►

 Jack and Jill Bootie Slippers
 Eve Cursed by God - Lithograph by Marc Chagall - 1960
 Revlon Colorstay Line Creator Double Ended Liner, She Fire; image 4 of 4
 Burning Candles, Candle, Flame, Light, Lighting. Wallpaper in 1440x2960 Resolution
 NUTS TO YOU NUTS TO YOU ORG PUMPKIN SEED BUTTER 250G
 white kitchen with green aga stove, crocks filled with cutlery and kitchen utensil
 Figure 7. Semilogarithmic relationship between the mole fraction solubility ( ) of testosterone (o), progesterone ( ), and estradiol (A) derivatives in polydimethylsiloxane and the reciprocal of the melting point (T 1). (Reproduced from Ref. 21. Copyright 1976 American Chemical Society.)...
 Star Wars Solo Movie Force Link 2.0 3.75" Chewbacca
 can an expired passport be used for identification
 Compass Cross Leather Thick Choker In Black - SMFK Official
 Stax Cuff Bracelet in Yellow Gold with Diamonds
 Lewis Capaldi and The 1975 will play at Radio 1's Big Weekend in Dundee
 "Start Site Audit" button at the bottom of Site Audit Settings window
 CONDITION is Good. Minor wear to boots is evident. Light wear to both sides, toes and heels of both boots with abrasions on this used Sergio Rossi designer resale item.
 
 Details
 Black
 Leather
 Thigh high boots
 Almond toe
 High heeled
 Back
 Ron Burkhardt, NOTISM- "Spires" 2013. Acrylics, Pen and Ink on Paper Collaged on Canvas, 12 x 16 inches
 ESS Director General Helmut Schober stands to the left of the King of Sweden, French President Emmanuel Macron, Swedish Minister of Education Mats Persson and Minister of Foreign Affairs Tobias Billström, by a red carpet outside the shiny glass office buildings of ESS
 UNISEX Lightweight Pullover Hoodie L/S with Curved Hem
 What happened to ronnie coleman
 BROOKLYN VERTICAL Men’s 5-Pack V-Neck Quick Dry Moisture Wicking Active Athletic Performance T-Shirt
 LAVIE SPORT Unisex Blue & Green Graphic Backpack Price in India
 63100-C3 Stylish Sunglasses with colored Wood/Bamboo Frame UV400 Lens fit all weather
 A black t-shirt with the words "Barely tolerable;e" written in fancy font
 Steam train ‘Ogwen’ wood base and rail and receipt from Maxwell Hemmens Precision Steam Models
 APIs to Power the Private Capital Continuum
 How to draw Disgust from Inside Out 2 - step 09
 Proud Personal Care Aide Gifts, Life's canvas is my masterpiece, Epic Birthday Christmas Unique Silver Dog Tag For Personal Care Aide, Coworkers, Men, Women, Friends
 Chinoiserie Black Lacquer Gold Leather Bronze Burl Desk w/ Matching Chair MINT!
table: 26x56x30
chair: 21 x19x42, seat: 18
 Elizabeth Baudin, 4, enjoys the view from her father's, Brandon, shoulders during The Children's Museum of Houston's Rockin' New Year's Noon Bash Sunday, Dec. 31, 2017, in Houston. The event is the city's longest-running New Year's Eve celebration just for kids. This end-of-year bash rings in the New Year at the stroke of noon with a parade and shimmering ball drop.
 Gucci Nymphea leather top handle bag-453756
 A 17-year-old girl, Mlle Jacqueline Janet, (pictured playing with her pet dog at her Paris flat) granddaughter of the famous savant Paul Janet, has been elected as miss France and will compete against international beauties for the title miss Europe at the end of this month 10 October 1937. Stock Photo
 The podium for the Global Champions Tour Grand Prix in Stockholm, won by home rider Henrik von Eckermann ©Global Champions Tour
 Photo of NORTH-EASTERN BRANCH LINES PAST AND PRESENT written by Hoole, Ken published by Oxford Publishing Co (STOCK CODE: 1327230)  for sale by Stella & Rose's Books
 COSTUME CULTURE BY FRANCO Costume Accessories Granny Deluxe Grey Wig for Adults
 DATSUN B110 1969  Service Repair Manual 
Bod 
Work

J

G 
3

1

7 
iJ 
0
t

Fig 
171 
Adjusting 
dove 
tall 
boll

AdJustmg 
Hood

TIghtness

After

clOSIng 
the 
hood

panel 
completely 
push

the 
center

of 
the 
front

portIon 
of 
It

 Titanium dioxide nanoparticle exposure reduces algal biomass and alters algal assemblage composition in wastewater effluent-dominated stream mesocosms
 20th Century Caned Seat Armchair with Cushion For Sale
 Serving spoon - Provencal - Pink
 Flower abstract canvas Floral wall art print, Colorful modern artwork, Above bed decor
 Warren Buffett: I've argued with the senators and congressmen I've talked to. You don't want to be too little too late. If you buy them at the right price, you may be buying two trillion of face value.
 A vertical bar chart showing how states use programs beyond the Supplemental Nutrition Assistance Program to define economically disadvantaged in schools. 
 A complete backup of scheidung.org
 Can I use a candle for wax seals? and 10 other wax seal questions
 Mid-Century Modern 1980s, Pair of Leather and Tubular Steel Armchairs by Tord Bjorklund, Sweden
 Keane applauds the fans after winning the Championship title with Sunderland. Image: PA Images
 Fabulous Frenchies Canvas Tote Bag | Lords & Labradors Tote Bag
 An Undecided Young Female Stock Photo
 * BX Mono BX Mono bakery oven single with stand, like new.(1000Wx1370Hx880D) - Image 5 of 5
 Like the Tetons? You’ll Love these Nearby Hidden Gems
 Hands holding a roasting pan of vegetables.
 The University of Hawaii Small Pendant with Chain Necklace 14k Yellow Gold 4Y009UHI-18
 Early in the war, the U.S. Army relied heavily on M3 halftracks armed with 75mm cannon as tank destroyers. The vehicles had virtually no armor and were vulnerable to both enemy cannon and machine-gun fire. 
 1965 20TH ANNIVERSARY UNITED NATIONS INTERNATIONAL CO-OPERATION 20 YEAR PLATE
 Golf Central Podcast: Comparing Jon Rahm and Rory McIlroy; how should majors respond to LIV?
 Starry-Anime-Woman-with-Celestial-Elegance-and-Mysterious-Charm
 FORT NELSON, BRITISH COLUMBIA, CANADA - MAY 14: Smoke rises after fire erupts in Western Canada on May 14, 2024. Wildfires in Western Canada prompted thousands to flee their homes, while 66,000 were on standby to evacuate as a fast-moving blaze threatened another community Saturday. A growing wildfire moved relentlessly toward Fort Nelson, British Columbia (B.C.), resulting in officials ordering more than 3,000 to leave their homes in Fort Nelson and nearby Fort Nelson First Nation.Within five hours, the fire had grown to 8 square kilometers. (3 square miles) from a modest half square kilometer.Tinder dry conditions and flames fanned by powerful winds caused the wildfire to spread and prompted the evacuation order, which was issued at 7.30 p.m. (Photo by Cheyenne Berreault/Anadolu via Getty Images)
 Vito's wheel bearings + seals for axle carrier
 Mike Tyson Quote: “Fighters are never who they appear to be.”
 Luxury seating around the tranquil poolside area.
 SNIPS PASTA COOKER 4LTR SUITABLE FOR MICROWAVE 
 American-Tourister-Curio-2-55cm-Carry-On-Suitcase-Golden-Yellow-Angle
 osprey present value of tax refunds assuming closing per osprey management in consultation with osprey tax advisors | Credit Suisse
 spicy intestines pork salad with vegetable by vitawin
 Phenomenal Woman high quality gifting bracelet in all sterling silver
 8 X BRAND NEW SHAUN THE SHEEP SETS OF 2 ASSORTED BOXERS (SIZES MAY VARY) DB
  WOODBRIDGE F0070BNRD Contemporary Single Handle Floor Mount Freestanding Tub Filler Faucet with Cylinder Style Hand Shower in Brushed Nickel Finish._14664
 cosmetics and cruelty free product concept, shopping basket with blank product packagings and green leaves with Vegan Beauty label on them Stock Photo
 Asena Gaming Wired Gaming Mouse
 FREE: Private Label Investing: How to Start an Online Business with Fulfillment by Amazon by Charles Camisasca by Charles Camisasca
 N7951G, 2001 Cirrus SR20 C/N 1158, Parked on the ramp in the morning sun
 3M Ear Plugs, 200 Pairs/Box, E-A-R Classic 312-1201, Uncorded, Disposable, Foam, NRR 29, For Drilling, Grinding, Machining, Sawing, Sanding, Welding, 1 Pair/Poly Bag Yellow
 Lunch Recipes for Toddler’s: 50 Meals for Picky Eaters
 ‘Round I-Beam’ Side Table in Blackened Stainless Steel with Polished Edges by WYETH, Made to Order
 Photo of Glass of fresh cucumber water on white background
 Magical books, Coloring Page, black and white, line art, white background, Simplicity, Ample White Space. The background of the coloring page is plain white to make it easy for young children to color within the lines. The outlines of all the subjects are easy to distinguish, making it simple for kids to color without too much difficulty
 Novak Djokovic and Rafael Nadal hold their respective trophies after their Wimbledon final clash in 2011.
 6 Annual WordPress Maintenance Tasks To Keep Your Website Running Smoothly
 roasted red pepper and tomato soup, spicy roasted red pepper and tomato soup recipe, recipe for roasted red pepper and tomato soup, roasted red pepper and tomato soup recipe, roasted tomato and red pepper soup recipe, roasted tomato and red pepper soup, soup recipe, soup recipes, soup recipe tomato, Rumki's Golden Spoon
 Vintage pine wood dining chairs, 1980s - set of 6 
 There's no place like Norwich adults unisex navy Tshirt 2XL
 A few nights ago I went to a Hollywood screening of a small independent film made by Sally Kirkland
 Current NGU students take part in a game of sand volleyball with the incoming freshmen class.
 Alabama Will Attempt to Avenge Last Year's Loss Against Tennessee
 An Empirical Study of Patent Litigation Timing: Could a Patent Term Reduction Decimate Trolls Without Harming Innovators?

◄

What to do →
From the data above, reproduce word for word the lines running from the line with "Golf Central Podcast: Comparing" to the line with "Starry-Anime-Woman-with-Celestial-Elegance-and-Mysterious-Charm", ends included.

Task solution →
 Golf Central Podcast: Comparing Jon Rahm and Rory McIlroy; how should majors respond to LIV?
 Starry-Anime-Woman-with-Celestial-Elegance-and-Mysterious-Charm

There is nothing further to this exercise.